Sigh. Have another backup that had the same wasn’t forgetting snapshots. Upgraded to the latest and ran my forget command. It removed most of the extra snapshots, but still had 31 extra snapshots. However it complained about something not quite being right and told me to run the rebuild-index command.
I then tried manually removing the remaining excess snapshots and got this

found 1 old cache directories in /root/.cache/restic, run `restic cache --cleanup` to remove them
[0:02] 100.00%  32 / 32 files deleted
32 snapshots have been removed, running prune
loading indexes...
loading all snapshots...
finding data that is still in use for 22 snapshots
[0:01] 100.00%  22 / 22 snapshots
searching used packs...
{<data/07dd2a5b> <data/2fb245a6> <data/46beffb2>} not found in the index

Integrity check failed: Data seems to be missing.
Will not start prune to prevent (additional) data loss!
Please report this error (along with the output of the 'prune' run) at
https://github.com/restic/restic/issues/new/choose
Fatal: index is not complete

And now check returns

/usr/bin/restic -r rclone:store:share --password-file supersecret check
using temporary cache in /tmp/restic-check-cache-487549782
repository 8442ac8a opened (version 1)
created new cache in /tmp/restic-check-cache-487549782
create exclusive lock for repository
load indexes
check all packs
pack aab0dda246f75f9621329f09ac264b16dd88e8e5ac5a7cbaf5d9acf4b696e54a: not referenced in any index
1 additional files were found in the repo, which likely contain duplicate data.
This is non-critical, you can run `restic prune` to correct this.
check snapshots, trees and blobs
Load(<data/c277bbcf27>, 0, 0) returned error, retrying after 720.254544ms: <data/c277bbcf27> does not exist
Load(<data/c277bbcf27>, 0, 0) operation successful after 1 retries
Load(<data/31f2ab2c54>, 0, 0) returned error, retrying after 582.280027ms: <data/31f2ab2c54> does not exist
Load(<data/31f2ab2c54>, 0, 0) returned error, retrying after 703.28564ms: <data/31f2ab2c54> does not exist
Load(<data/31f2ab2c54>, 0, 0) returned error, retrying after 1.040217184s: <data/31f2ab2c54> does not exist
Load(<data/31f2ab2c54>, 0, 0) returned error, retrying after 2.002763936s: <data/31f2ab2c54> does not exist
Load(<data/31f2ab2c54>, 0, 0) returned error, retrying after 1.431768704s: <data/31f2ab2c54> does not exist
...
Load(<data/31f2ab2c54>, 393, 0) operation successful after 10 retries
[2:22] 100.00%  22 / 22 snapshots
Fatal: repository contains errors

So another busted repo. Going to restart both of backups.

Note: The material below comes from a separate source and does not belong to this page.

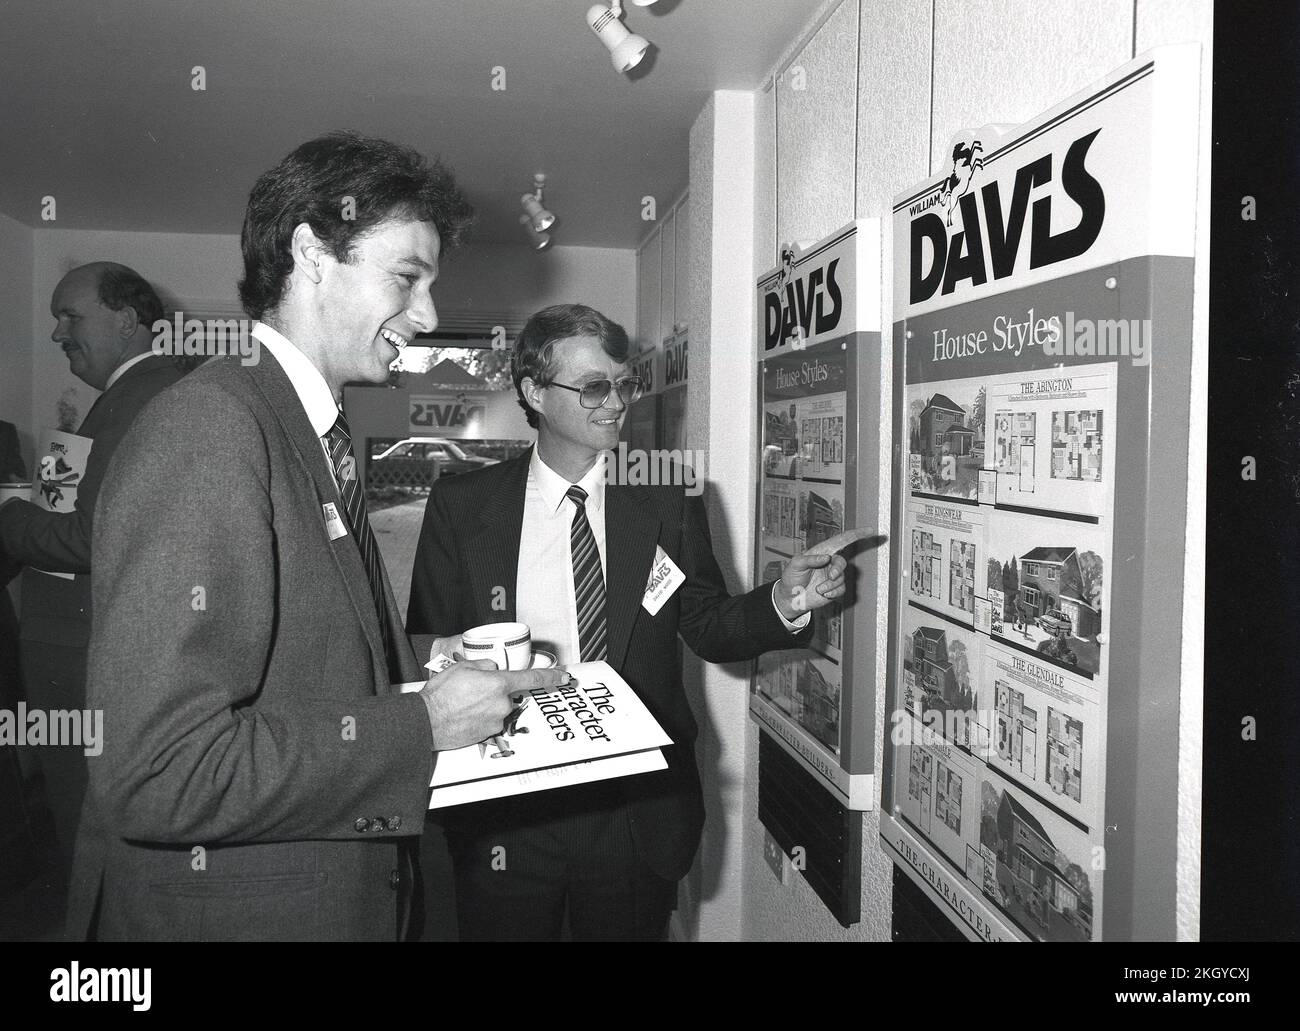 1986, storico, un giornalista in possesso di una tazza di caffè e di un opuscolo aziendale che viene mostrato da un venditore immagini dei diversi stili di casa disponibili in un nuovo sviluppo di alloggi, Sheppshed, Leicestershire, Inghilterra, Regno Unito. Foto Stock

akrabu · April 19, 2023, 8:17pm

This time you might consider placing a 10-25GB dummy file out there, just to guard against this happening again. Good luck!

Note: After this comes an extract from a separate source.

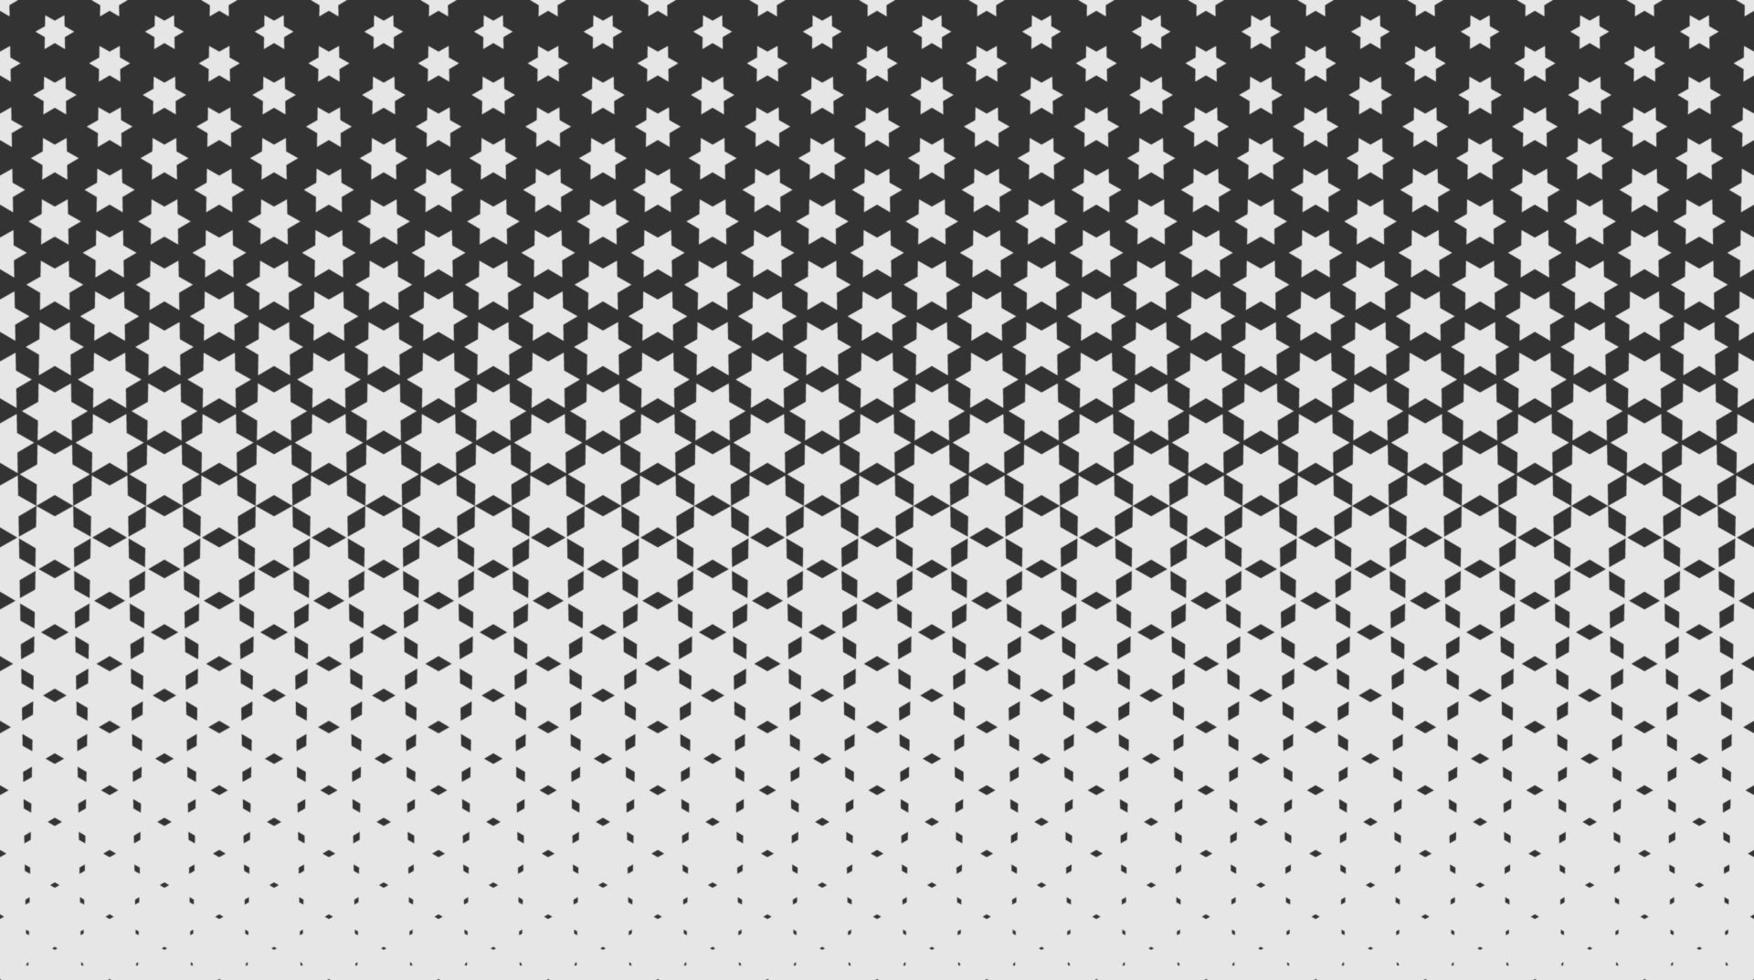 monocromo textura geométrica repetida con estrellas y degradado. vector de patrones sin fisuras para el fondo, papel tapiz, textil, tela, telón de fondo del sitio web. formas simples.

ProactiveServices · April 20, 2023, 4:18am

The fact you seem to have had a pack fail to load the first time seems odd, even if you’ve hit storage limits. I’d be contacting the provider to ask them about this.

FYI, the reason your forget runs are not removing as many snapshots as you’re expecting is because forget groups by hosts and paths by default. Since you have snapshots for several different hosts, it’s running your policy for each host. You can use --group-by paths to ignore hosts when grouping.

bytesnz · April 27, 2023, 9:16am

Something that didn’t occur to my at the time, I did notice transfer errors during some backups — I thought they were initial errors and a reattempt succeeded. From memory, they were 500s from the storage provider (for completeness pCloud via rclone).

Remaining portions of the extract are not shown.